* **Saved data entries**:

---------------

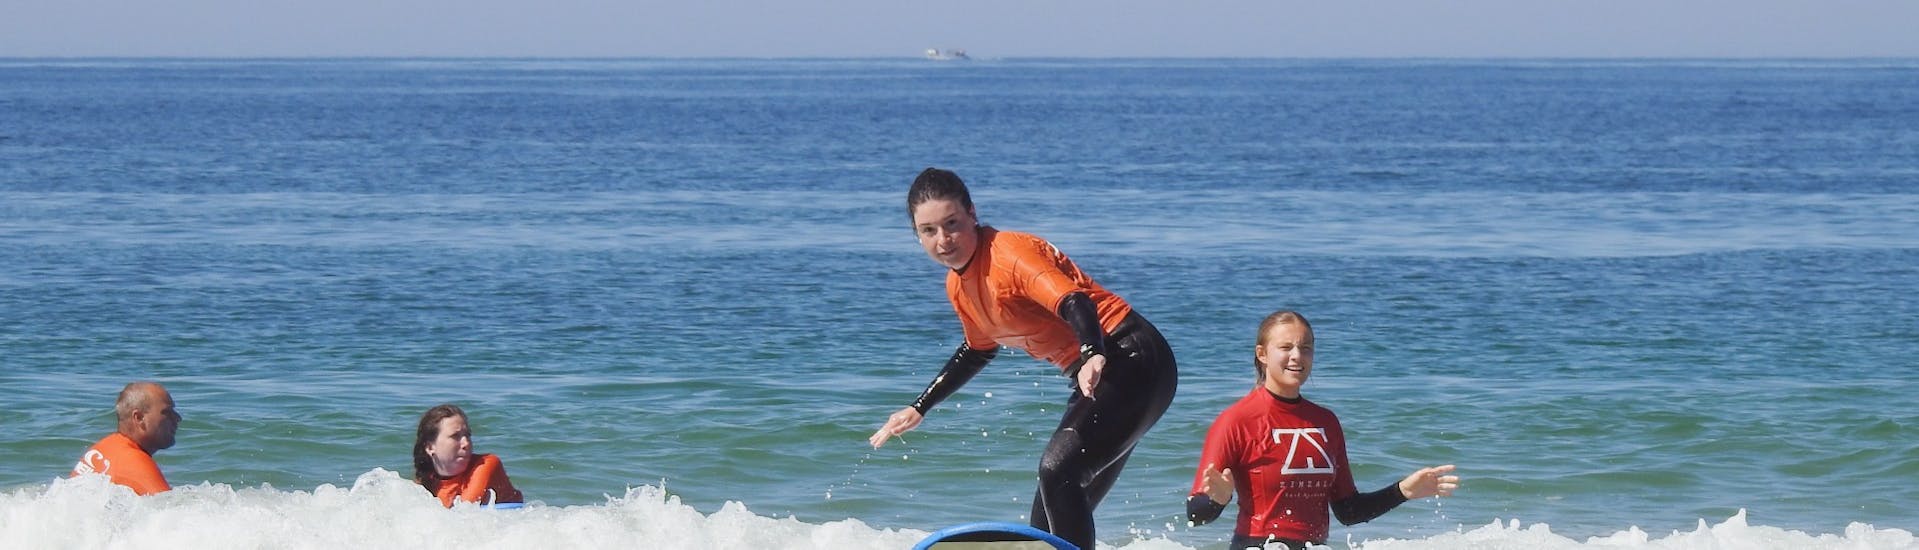 A girl riding a wave during the surfing lessons in Albufeira for beginners with Albufeira Surf & SUP.
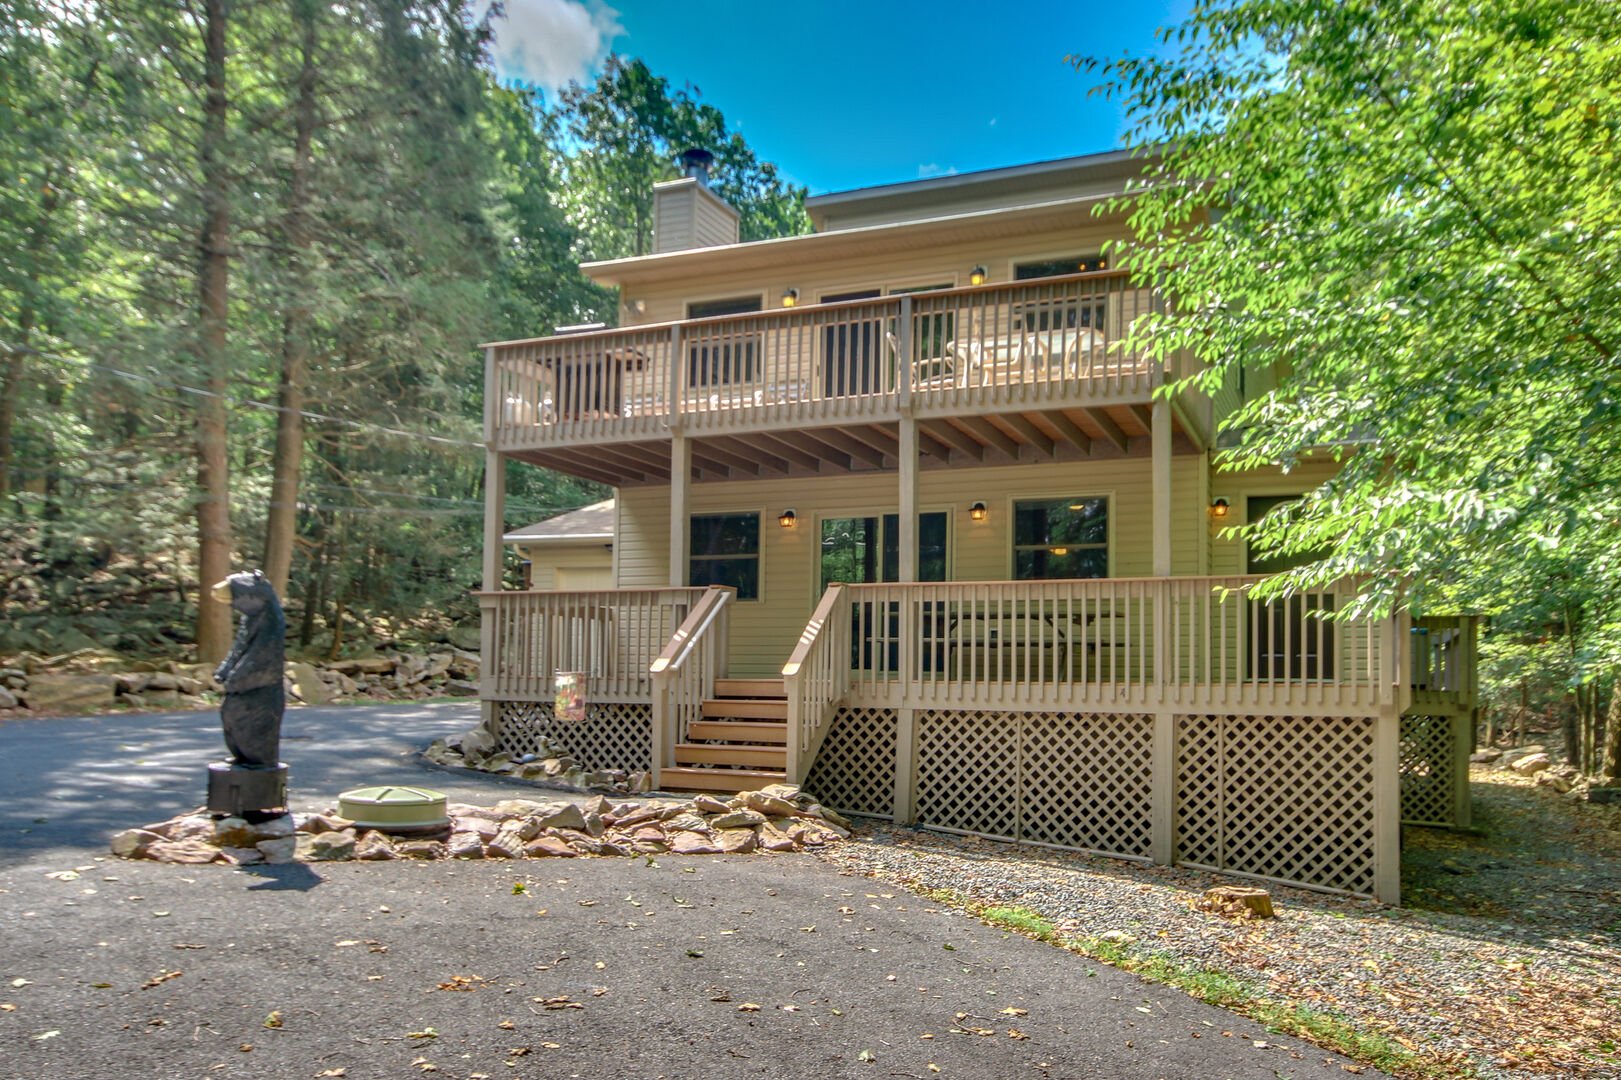 The exterior of this Lake Harmony rental, with its two patios and a bear statue out front.
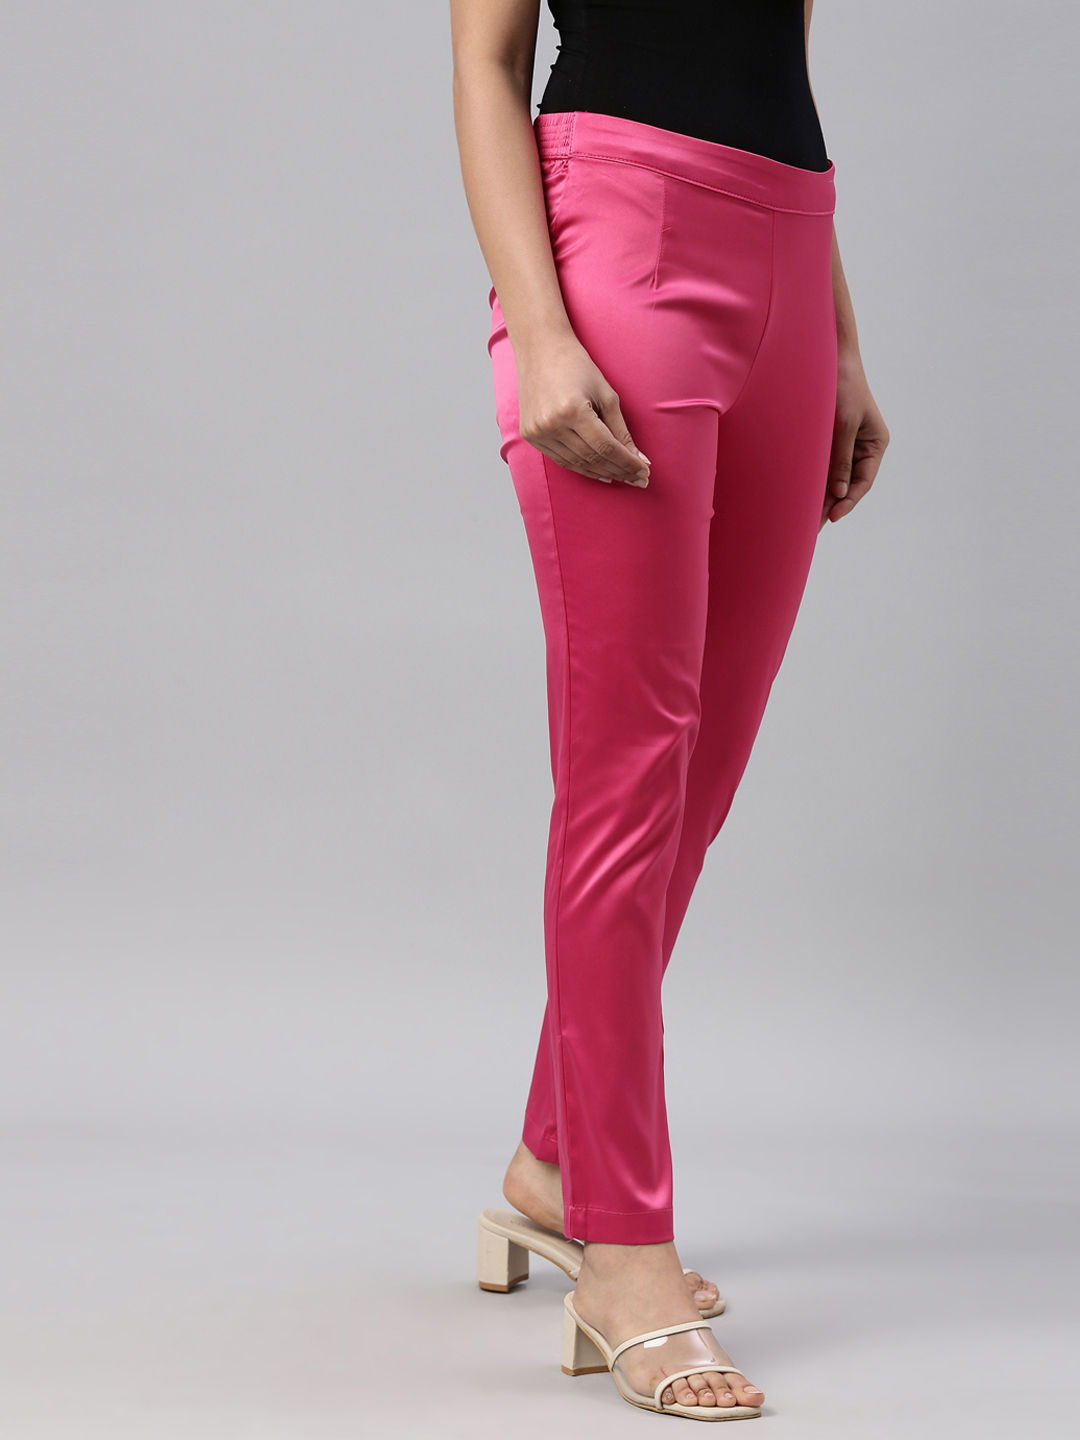 Buy NOT SO PINK Dark Pink Solid Polyester Regular Fit Women's Pants |  Shoppers Stop
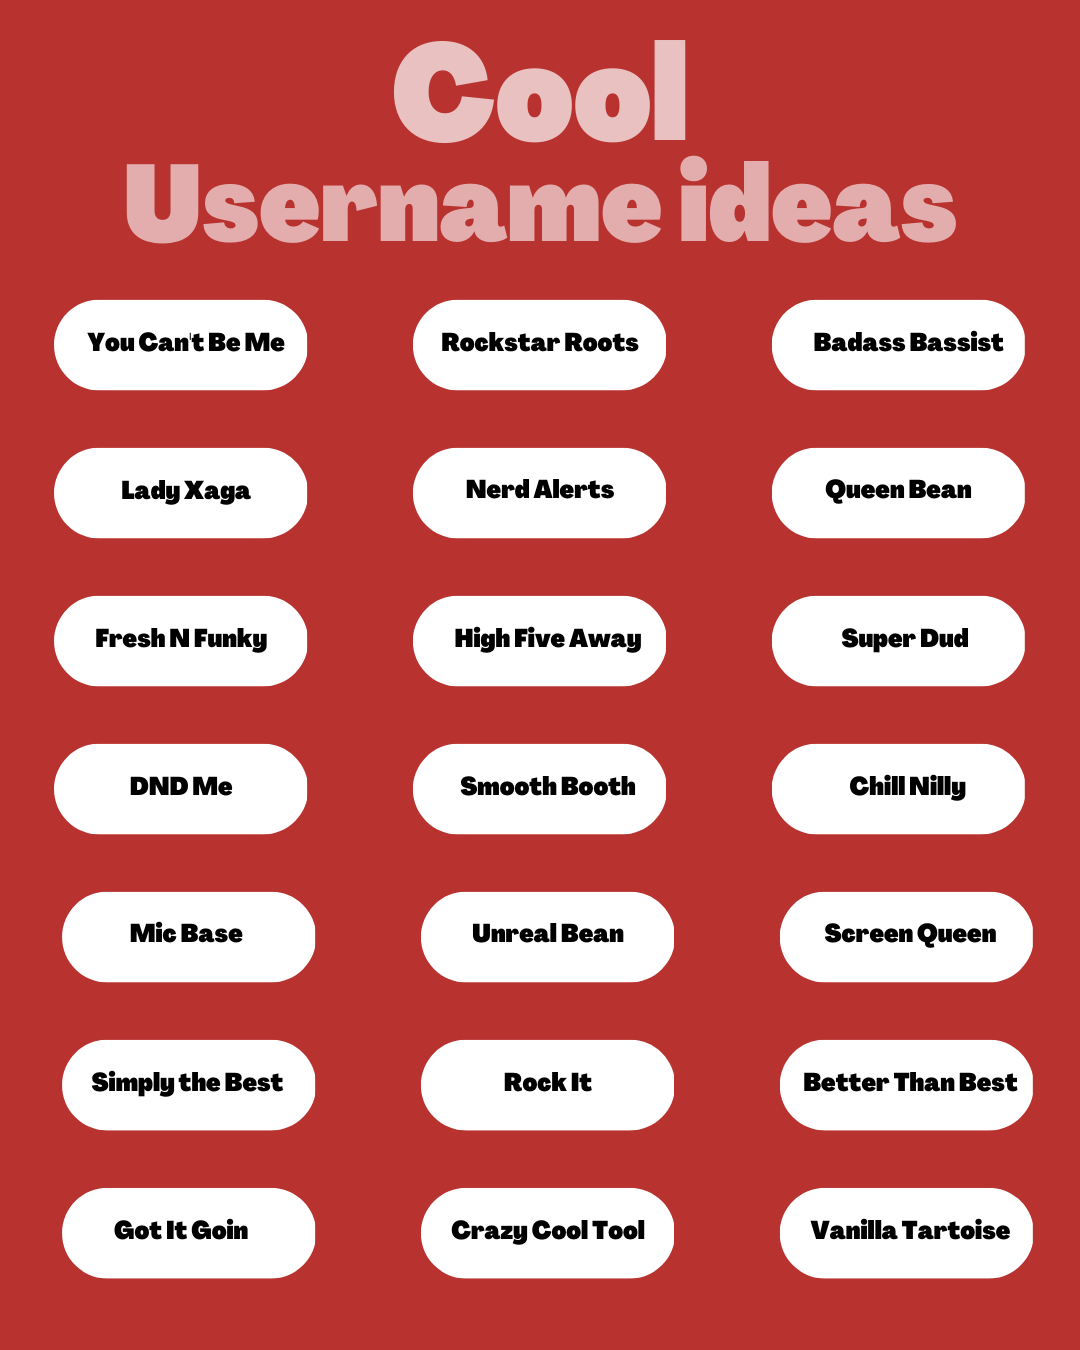 Remote.tools shares a list of cool username ideas for your social handles.
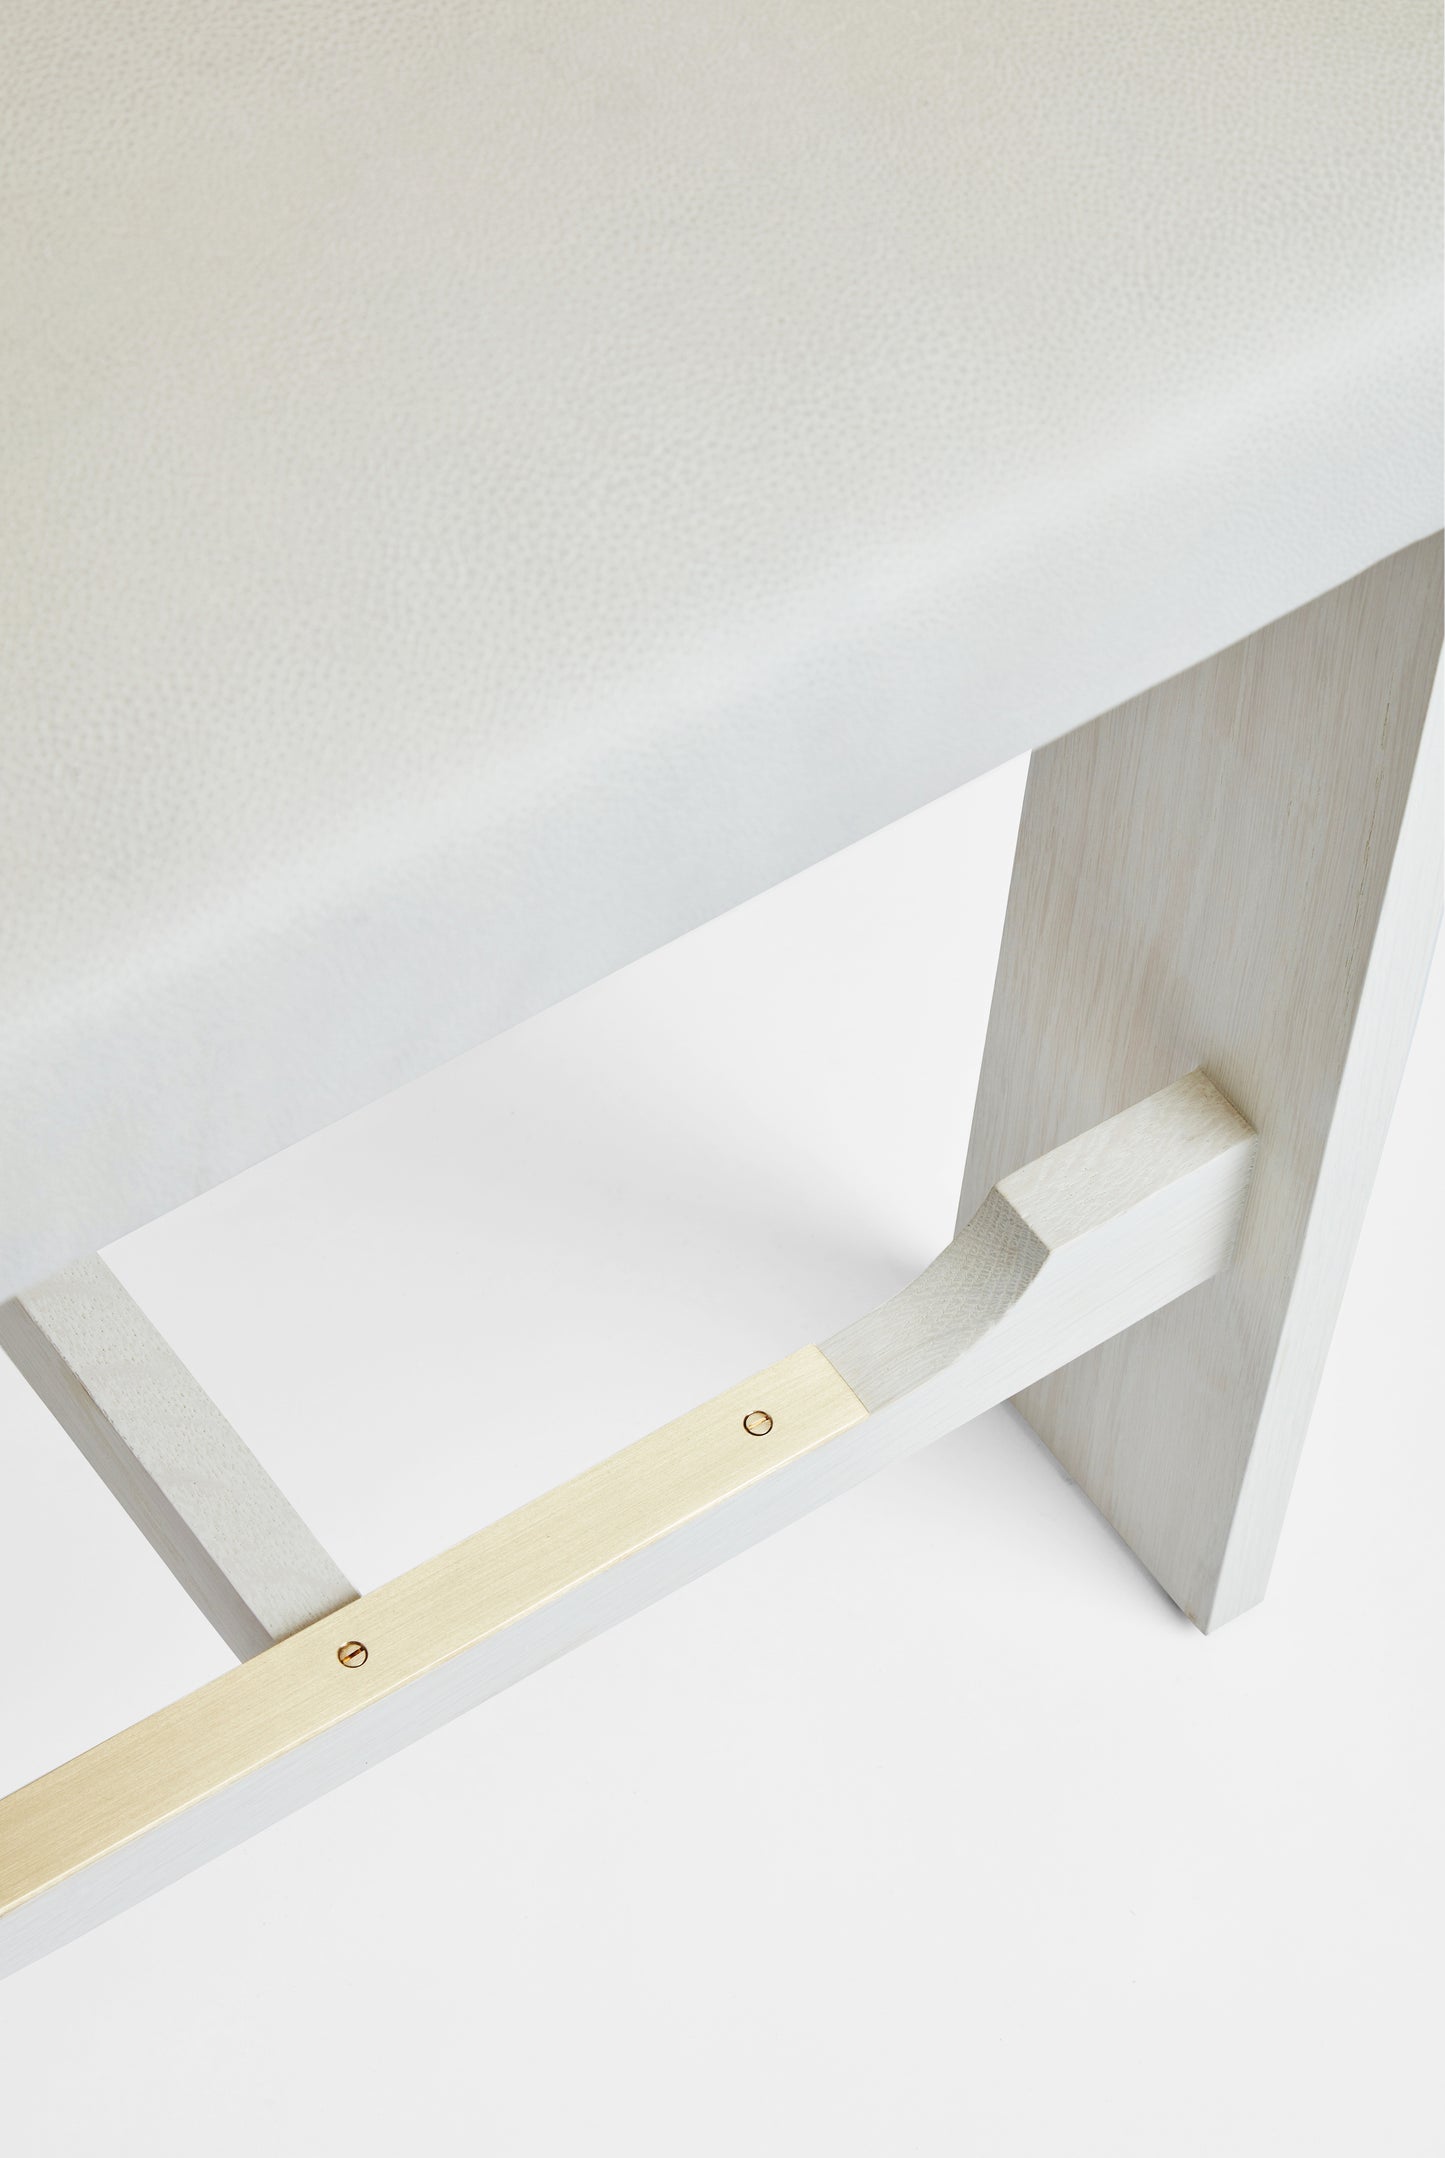 Shown in Bleached Oak frame with Unlacquered Brass foot rest

---------------

* **Problem description**: Please set down the lines from the one with "Buy NOT SO PINK" to the end of the entries above, exactly as they are, and drop every picture.

* **Exercise output**:
 Buy NOT SO PINK Dark Pink Solid Polyester Regular Fit Women's Pants |  Shoppers Stop
 Remote.tools shares a list of cool username ideas for your social handles.
 Shown in Bleached Oak frame with Unlacquered Brass foot rest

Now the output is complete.